Expression of the btuB gene encoding the outer membrane cobalamin transporter in Escherichia coli is strongly reduced on growth with cobalamins. Previous studies have shown that this regulation occurs in response to adenosylcobalamin (Ado-Cbl) and operates primarily at the translational level. Changes in the level and stability of btuB RNA are consequences of the modulated translation initiation. To examine how Ado-Cbl affects translation, the binding of E. coli 30S ribosomal subunits to btuB RNA was investigated by using a primer extension inhibition assay. Ribosome binding to btuB RNA was much less efficient than to other RNAs and was preferentially lost when the ribosomes were subjected to a high-salt wash. Ribosome binding to btuB RNA was inhibited by Ado-Cbl but not by cyanocobalamin, with half-maximal inhibition around 0.3 microM Ado-Cbl. Ribosome-binding activity was increased or decreased by mutations in the btuB leader region, which affected two predicted RNA hairpins and altered expression of btuB-lacZ reporters.

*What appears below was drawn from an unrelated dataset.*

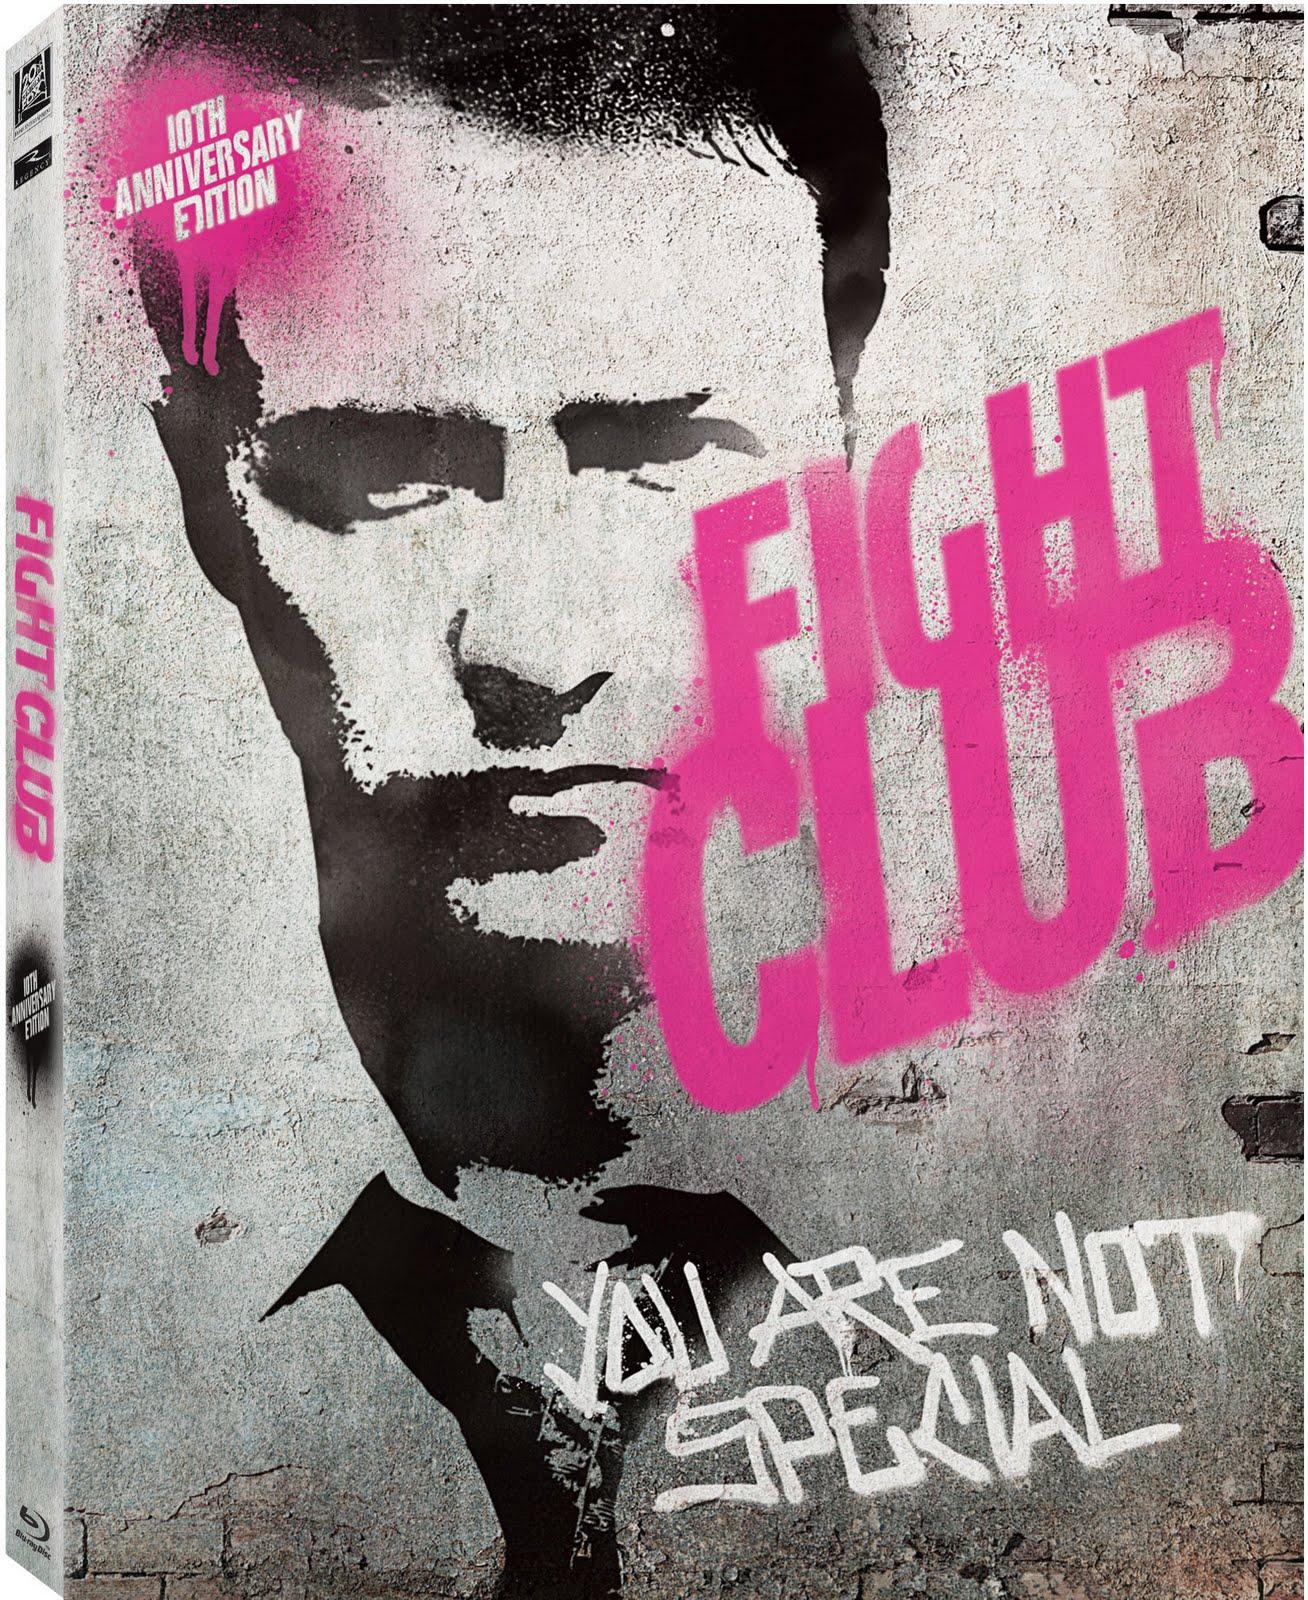 http://4.bp.blogspot.com/_FahycIEyLtM/Swj0PQmAM2I/AAAAAAAAAHI/1tLu0eV0GLE/s1600/fightclubocard.jpg

Finally, the presence of Ado-Cbl elicited formation of a single primer extension-inhibition product with the same specificity and Cbl-concentration dependence as the inhibition of ribosome binding. These results indicate that btuB expression is controlled by the specific binding of Ado-Cbl to btuB RNA, which then affects access to its ribosome-binding sequence.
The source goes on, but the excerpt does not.